Dataset entries
▼
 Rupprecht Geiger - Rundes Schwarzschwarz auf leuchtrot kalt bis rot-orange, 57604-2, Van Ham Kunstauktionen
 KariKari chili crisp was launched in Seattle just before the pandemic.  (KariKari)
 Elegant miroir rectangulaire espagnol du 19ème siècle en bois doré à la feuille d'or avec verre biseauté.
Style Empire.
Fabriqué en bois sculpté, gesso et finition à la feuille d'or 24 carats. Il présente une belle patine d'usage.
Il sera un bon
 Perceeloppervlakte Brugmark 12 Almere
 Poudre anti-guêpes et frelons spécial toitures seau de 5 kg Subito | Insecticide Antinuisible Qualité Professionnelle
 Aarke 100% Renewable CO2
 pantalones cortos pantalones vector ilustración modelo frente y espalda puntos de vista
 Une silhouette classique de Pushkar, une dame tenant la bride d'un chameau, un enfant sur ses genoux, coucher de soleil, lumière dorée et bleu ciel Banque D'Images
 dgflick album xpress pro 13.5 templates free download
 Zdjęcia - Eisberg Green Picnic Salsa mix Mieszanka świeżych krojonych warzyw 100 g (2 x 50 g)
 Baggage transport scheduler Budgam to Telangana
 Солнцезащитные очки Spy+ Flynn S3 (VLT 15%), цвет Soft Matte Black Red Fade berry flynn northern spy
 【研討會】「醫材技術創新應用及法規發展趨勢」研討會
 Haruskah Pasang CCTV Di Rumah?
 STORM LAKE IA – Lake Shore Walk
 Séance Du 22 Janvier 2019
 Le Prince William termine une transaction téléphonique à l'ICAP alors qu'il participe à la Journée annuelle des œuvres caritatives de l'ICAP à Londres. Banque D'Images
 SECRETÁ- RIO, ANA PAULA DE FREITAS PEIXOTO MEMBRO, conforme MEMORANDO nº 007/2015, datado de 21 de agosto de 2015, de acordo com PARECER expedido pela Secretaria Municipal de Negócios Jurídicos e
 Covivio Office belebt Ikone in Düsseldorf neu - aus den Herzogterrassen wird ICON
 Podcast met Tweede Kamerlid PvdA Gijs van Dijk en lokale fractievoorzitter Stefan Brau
▲
▶ **DESCRIPTION OF THE TASK**: What you return must match the data word for word.

▶ **TASK RESPONSE**:
 Rupprecht Geiger - Rundes Schwarzschwarz auf leuchtrot kalt bis rot-orange, 57604-2, Van Ham Kunstauktionen
 KariKari chili crisp was launched in Seattle just before the pandemic.  (KariKari)
 Elegant miroir rectangulaire espagnol du 19ème siècle en bois doré à la feuille d'or avec verre biseauté.
Style Empire.
Fabriqué en bois sculpté, gesso et finition à la feuille d'or 24 carats. Il présente une belle patine d'usage.
Il sera un bon
 Perceeloppervlakte Brugmark 12 Almere
 Poudre anti-guêpes et frelons spécial toitures seau de 5 kg Subito | Insecticide Antinuisible Qualité Professionnelle
 Aarke 100% Renewable CO2
 pantalones cortos pantalones vector ilustración modelo frente y espalda puntos de vista
 Une silhouette classique de Pushkar, une dame tenant la bride d'un chameau, un enfant sur ses genoux, coucher de soleil, lumière dorée et bleu ciel Banque D'Images
 dgflick album xpress pro 13.5 templates free download
 Zdjęcia - Eisberg Green Picnic Salsa mix Mieszanka świeżych krojonych warzyw 100 g (2 x 50 g)
 Baggage transport scheduler Budgam to Telangana
 Солнцезащитные очки Spy+ Flynn S3 (VLT 15%), цвет Soft Matte Black Red Fade berry flynn northern spy
 【研討會】「醫材技術創新應用及法規發展趨勢」研討會
 Haruskah Pasang CCTV Di Rumah?
 STORM LAKE IA – Lake Shore Walk
 Séance Du 22 Janvier 2019
 Le Prince William termine une transaction téléphonique à l'ICAP alors qu'il participe à la Journée annuelle des œuvres caritatives de l'ICAP à Londres. Banque D'Images
 SECRETÁ- RIO, ANA PAULA DE FREITAS PEIXOTO MEMBRO, conforme MEMORANDO nº 007/2015, datado de 21 de agosto de 2015, de acordo com PARECER expedido pela Secretaria Municipal de Negócios Jurídicos e
 Covivio Office belebt Ikone in Düsseldorf neu - aus den Herzogterrassen wird ICON
 Podcast met Tweede Kamerlid PvdA Gijs van Dijk en lokale fractievoorzitter Stefan Brau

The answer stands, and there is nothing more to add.